1.02 CONSIDERATION. Empire hereby purchases the Purchased Stock and,
in exchange therefor, concurrently herewith delivers to York via wire transfer
in immediately available funds Thirty Two Million Seven Hundred Ten Thousand
Dollars ($32,710,000) in consideration of the York Bronze Common Stock Three
Million Four Hundred Thousand Dollars ($3,400,000) in consideration of the OMC
Common Stock (the "Purchase Price").
1.03 STOCK CERTIFICATES; CORPORATE RECORDS. York hereby delivers to
Empire certificates for the York Bronze Purchased Shares and the OMC Purchased
Shares duly issued and registered in the name of Empire or accompanied by stock
powers duly executed in blank, free and clear of all Liens. York shall also
deliver promptly after the date hereof the minute books, stock books, financial
records, customer lists and other corporate records of each of the Subsidiaries.
ARTICLE II
Representations and Warranties of York
York represents and warrants to Empire and to Xxxxxxxx that the
statements contained in this Article II are correct and complete as of the date
of the Sub 1 Asset Transfer, the date of the closing of the transactions
contemplated by the Asset Purchase Agreement and also immediately prior to the
execution and effectiveness of this Agreement, except (i) as contemplated by the
Asset Purchase Agreement or any documents, disclosure schedules or transactions
related thereto or contemplated thereby, (ii) as may result from or may be
contemplated by the Sub 1 Asset Transfer or the Liquidation (as defined below)
of York Bronze or OMC, and (iii) that each of the representations, warranties
and statements in this Article II are qualified in their entirety by the
Disclosure Schedules and the information set forth or referred to therein.

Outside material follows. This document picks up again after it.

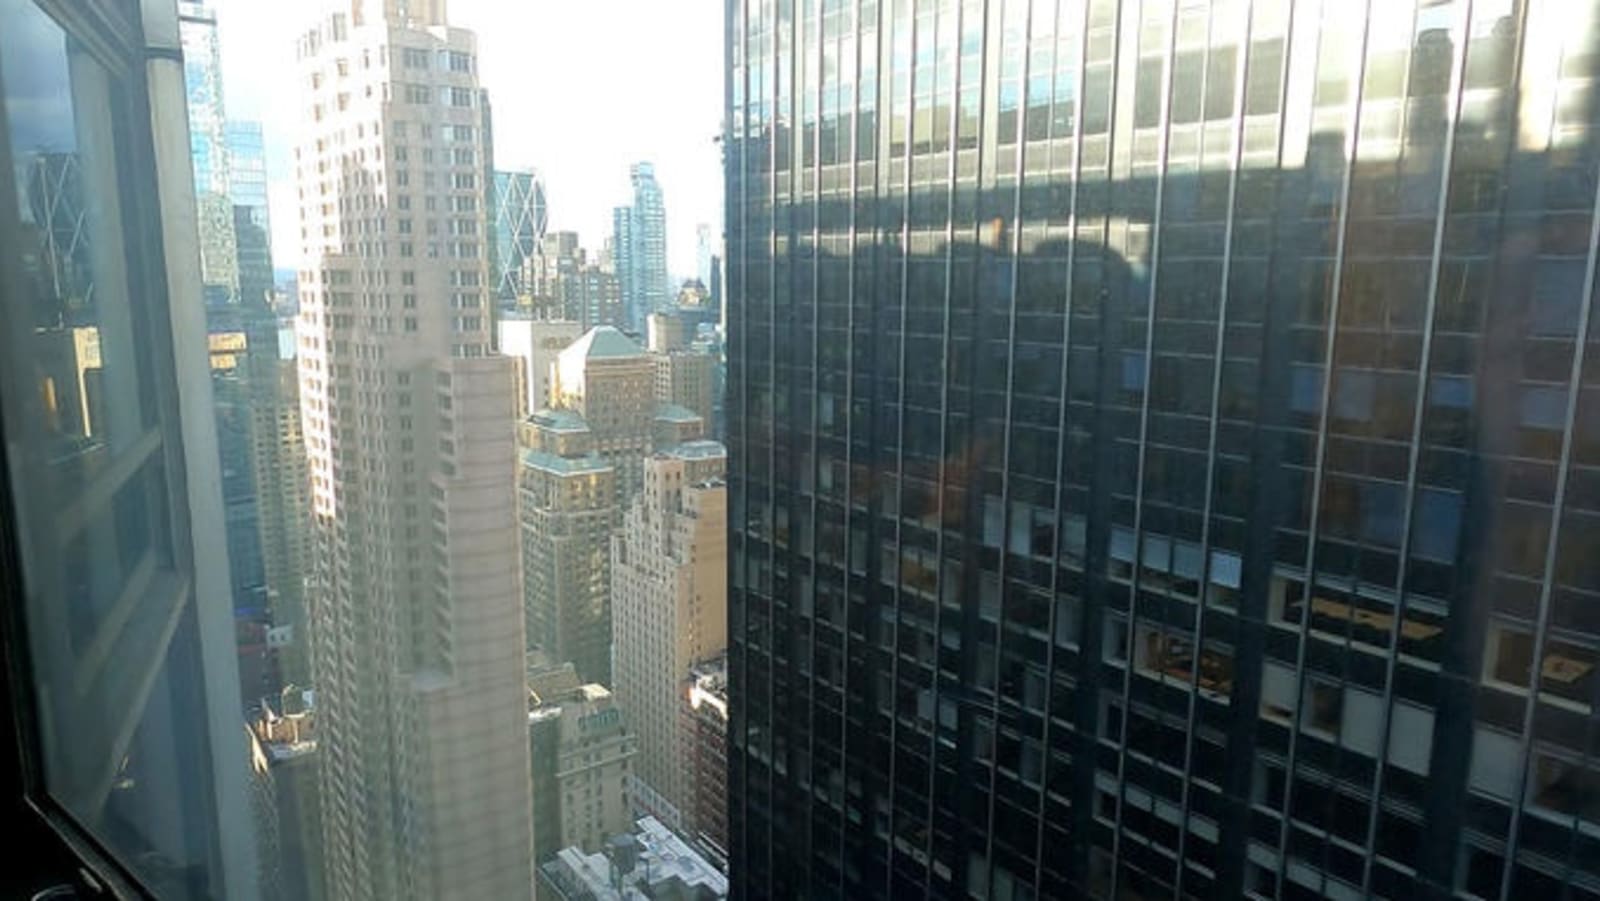 View from my Executive Suite at the New York Hilton Midtown

Notwithstanding anything to the contrary in this Agreement, York makes no
representations nor any warranties respecting the completeness, legality,
effects or consequences of the Sub 1 Asset Transfer or the Liquidation of York
Bronze and OMC.
2.01 ORGANIZATION AND AUTHORITY. (a) York is a corporation duly
organized, validly existing and in good standing under the laws of the State of
Delaware. York has full corporate power and authority to own and lease the
property and assets it now owns and leases and to carry on its business as and
where such property and assets are now owned or leased and such business is now
conducted. The copies of the certificate of incorporation and bylaws of York,
which have previously been delivered to Empire and/or to Xxxxxxxx, are complete
and correct and in either case have not been amended since March 31, 2001. York
has the corporate power and authority to execute and deliver this Agreement and
to perform its obligations hereunder. There are no dissolution, liquidation or
bankruptcy proceedings pending, contemplated by or, to York's knowledge,
threatened against York.
(b) York Bronze is a corporation duly organized, validly existing
and in good standing under the laws of the State of Delaware. York Bronze (i)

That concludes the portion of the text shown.